SD: Has your relationship to the Penobscot language changed at all as you’ve gotten older, or since becoming a writer?
MT: I’ve grown in knowing that I need to take more responsibility in learning the language. When I was first starting to write, I was content with what I knew. But there’s so much I don’t know. Languages open up to us things we don’t see because languages force our brains to work in different ways. I don’t know if that’s true — I just said that. It sounds true. [Laughs.]
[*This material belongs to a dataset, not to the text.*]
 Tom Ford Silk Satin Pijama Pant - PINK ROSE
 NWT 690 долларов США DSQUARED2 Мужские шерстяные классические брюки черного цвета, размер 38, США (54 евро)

I’ve been working with words here and there. There’s a Penobscot dictionary and I try to use that to the best of my ability. But I also rely on Carol Dana, who’s a cultural bearer of the Penobscot Nation, and Gabe Paul, who’s a language cultural bearer, and they’re always so generous. But I want to eventually stop being like, “Hey, how do you say this?” when it serves my needs at that current moment and just be able to do it, you know? And study the actual language outside the context of writing. So yeah, my approach and my thinking about the language [has] become much more important to me now than it was when I was eighteen or nineteen.
SD: The river was a big symbol throughout the book. It always seemed like such a force, always rushing. It felt really important to this story, and this history.
MT: On the Penobscot Nation, the river was literally our border. It was the thing that separated the reservation from the state land or other land we own that [wasn’t] categorized as a reservation. We canoed, we swam when it was safe to swim. Because there was a mill there, too. You would get ear infections and gunk would flow down.
The river has been an important part of my growing up, but also my ancestors. All that water in Maine has been a vital part of the culture. I may get the translation right, I may be wrong. I may get a Facebook message from Carol or Gabe being like, that’s not right at all. But Pαnawαhpskek-, or Penobscot, means “where the water falls off the ledges,” or something like that. It’s an actual image of the river and of a place. When you add “wi” to the end of that, it denotes a person belonging to that place. So pαnawαhpskewi- would be a Penobscot person. It’s, in a way, inseparable from the place itself. You can’t exist without it. A lot of Native languages do that. It might be a certain Sioux language, but there’s a word. It’s ni — “n” “i” — and it means both the self and the land. It depends on the context in which you use the word for it to mean either a person or place.
I listed two tribes out of over 600. Here, I’m just generalizing. But for most indigenous people, land is a reflection of oneself. And I think that’s the case with Penobscot, and Passamaquoddy, and Miꞌkmaq and Maliseet in this area. So [the river] was important. I felt like it had to be there. Plus, I love setting. I’m a place writer. I could read setting all day and I’d be satisfied. So that made it easier. Place really is a character. I mean, it does things. It affects us. I’ve always envisioned it as an entity — a thing that can act and can do things.
SD: That feels especially relevant right now — that place cannot be divorced from people.
MT: I feel like fiction can only do so much when it comes to protesting, in a way. It does serve as a form of activism, but I feel like it’s slower going. But I do hope this book also has that push behind it. That it is talking about how sacred place is and it does get people thinking about not putting more dams in, or not destroying waterways, or massive clear cuts of land. All that stuff. I won’t speak as if I’m a super activist guy, but I do hope it does something in that.